– Молчи же, подлый трутень! – громил Янич.
Ругань вовсе не помогала. Павлик, всё чаще выскальзывая из комнаты, стоял на пороге и поджидал, ловил девушку, заступал дорогу и почти принуждал к разговору. Задиристый был сверх всяких слов.
Раны от стрел как-то быстро начали заживать, потому что кровь имел здоровую и силы молодые, мог бы уже идти смело в Пжеманков к отцу или куда-нибудь в свет выбраться, но это несчастное искушение держало его в монастыре.
Впрочем, было ему там неплохо, потому что княгиня-мать, как убогих, так раненых и больных с панским милосердием всем обеспечивала, а работы не имели никакой. Янич с капелланом Лютольдом целыми часами беседовал о своём будущем призвании. Долго спорили о том, должен ли он стать сыном Доминика или Франциска.
Павлик, пустая голова, был за Франциска, из-за того, что и князь Болеслав Краковский, и княгиня Ядвига хотели размножать по стране его сыновей, осыпали их милостями, а может, также, что францисканцы имели больше свободы, ходя по свету, чем доминиканцы, запертые в монастырских кельях.

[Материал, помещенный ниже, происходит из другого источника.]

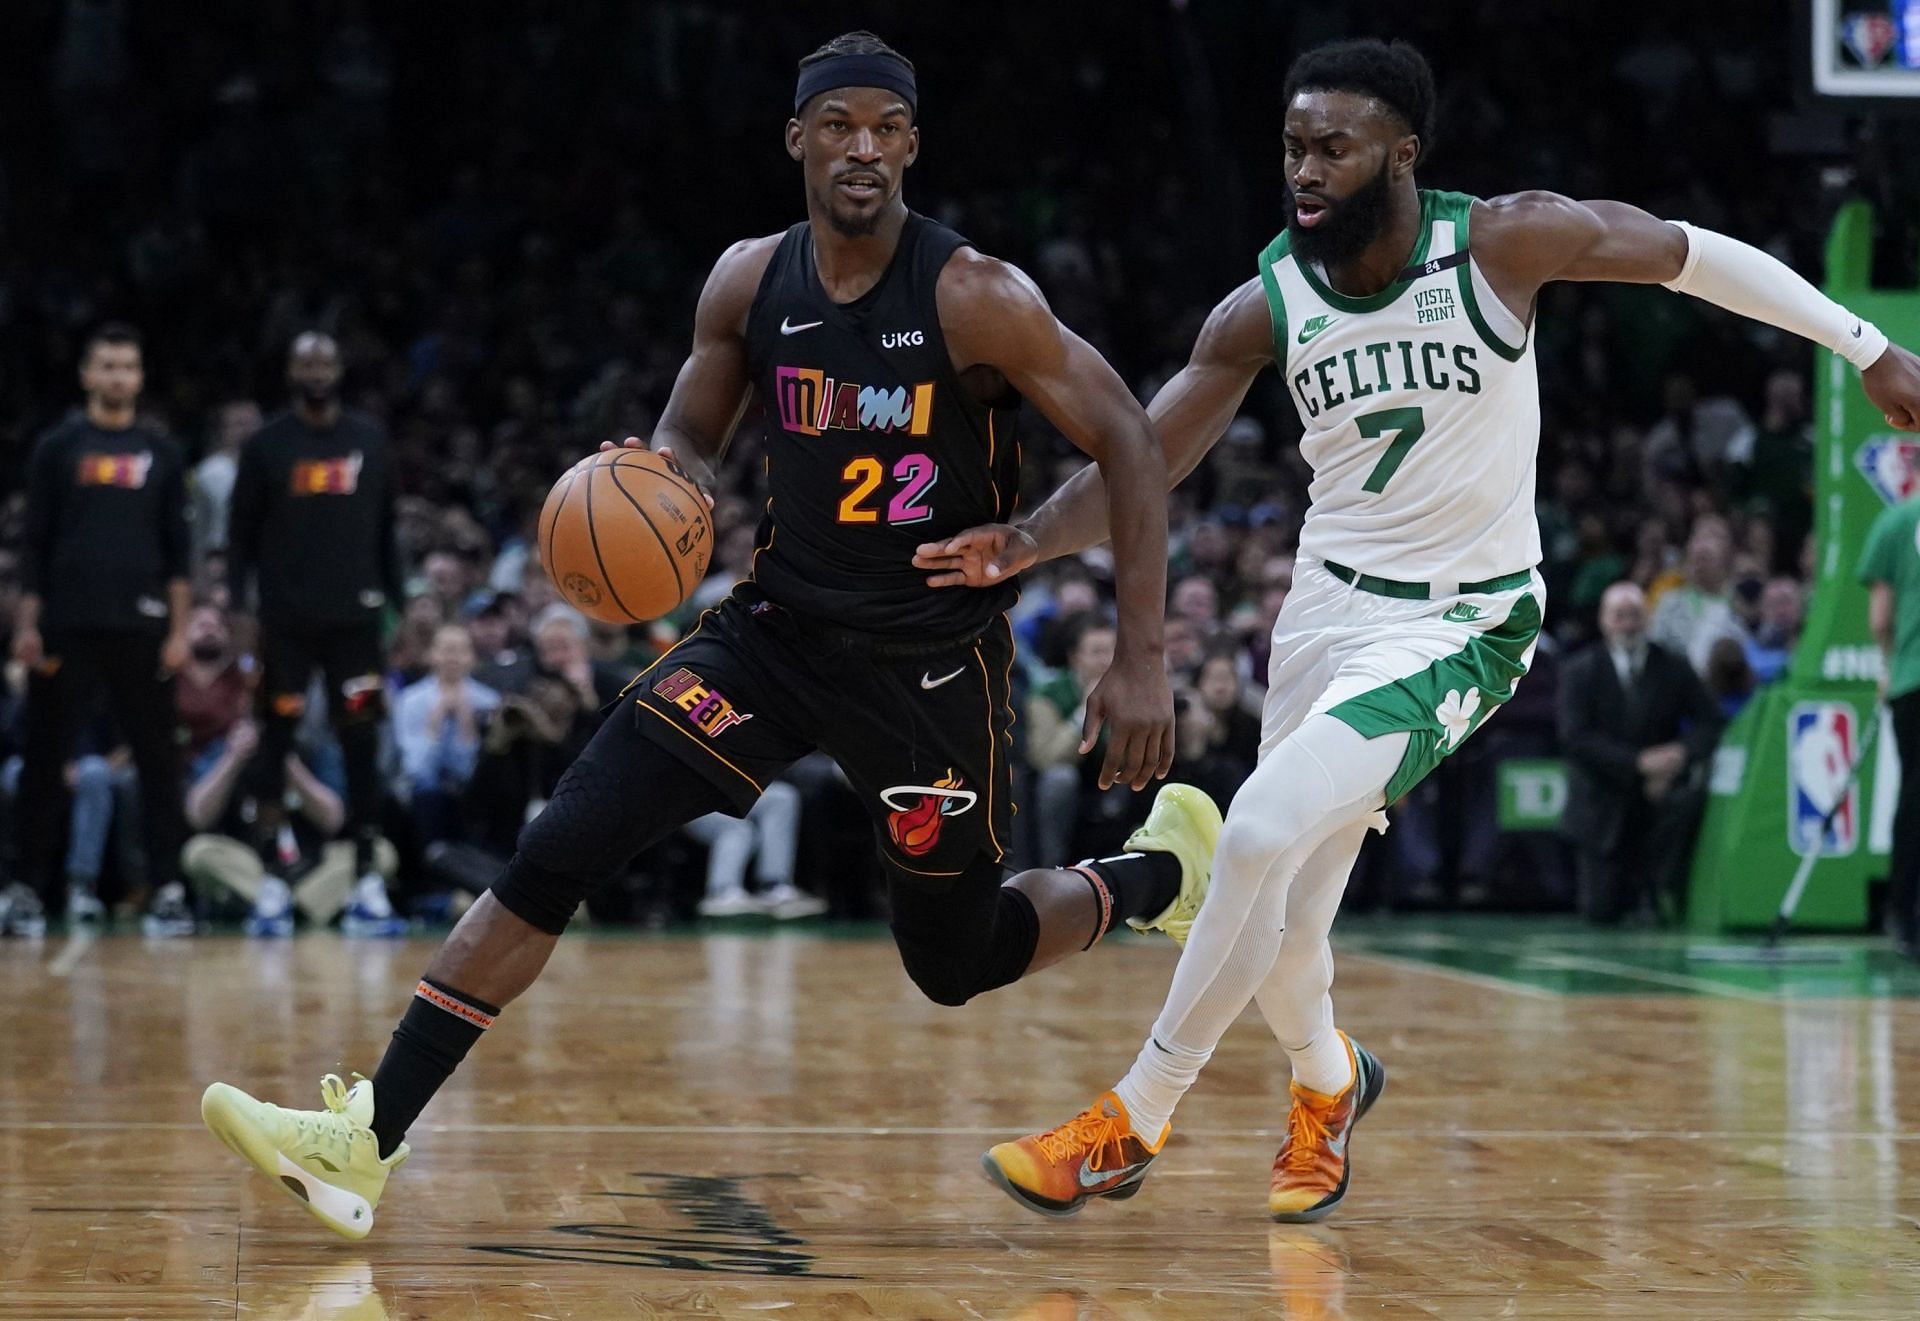 Jimmy Butler cooked Jaylen Brown and the Boston Celtics defense in Game 1. [Photo: Bleacher Report]

Янич же предпочитал быть сыном Доминика, потому что письмо кое-как знал, жаждал знаний, а в них там больше нуждались.
Третий их товарищ, немец Лузман, который также там лежал с ранами, и как немец имел у княгини особенные милости, ни в чего не вмешивался, ел, пил, спал, в костёл ходил, где дремал в уголке, но мог рекомендоваться княгине. Монастырское пиво было ему по вкусу.
Павлик за короткое время приобрёл там себе много приятелей и знакомых. Не говоря уже о сестре Луции, которую постепенно притягивал на свою сторону, украдкой всегда навязываясь ей по несколько раз в день, влезал в избы хромых и калек, везде его было полно. С нищими он обходился по-свойски и самым большим для него удовольствием было подстрекать их против друг друга, в их склоки подливать масло и доводить до того, чтобы ссорились, грызлись и били друг друга. Только тогда, когда вызывал такой ужасный шум, сам смеясь, выскальзывал, и тихо просиживал в общей избе, словно не знал ни о чём.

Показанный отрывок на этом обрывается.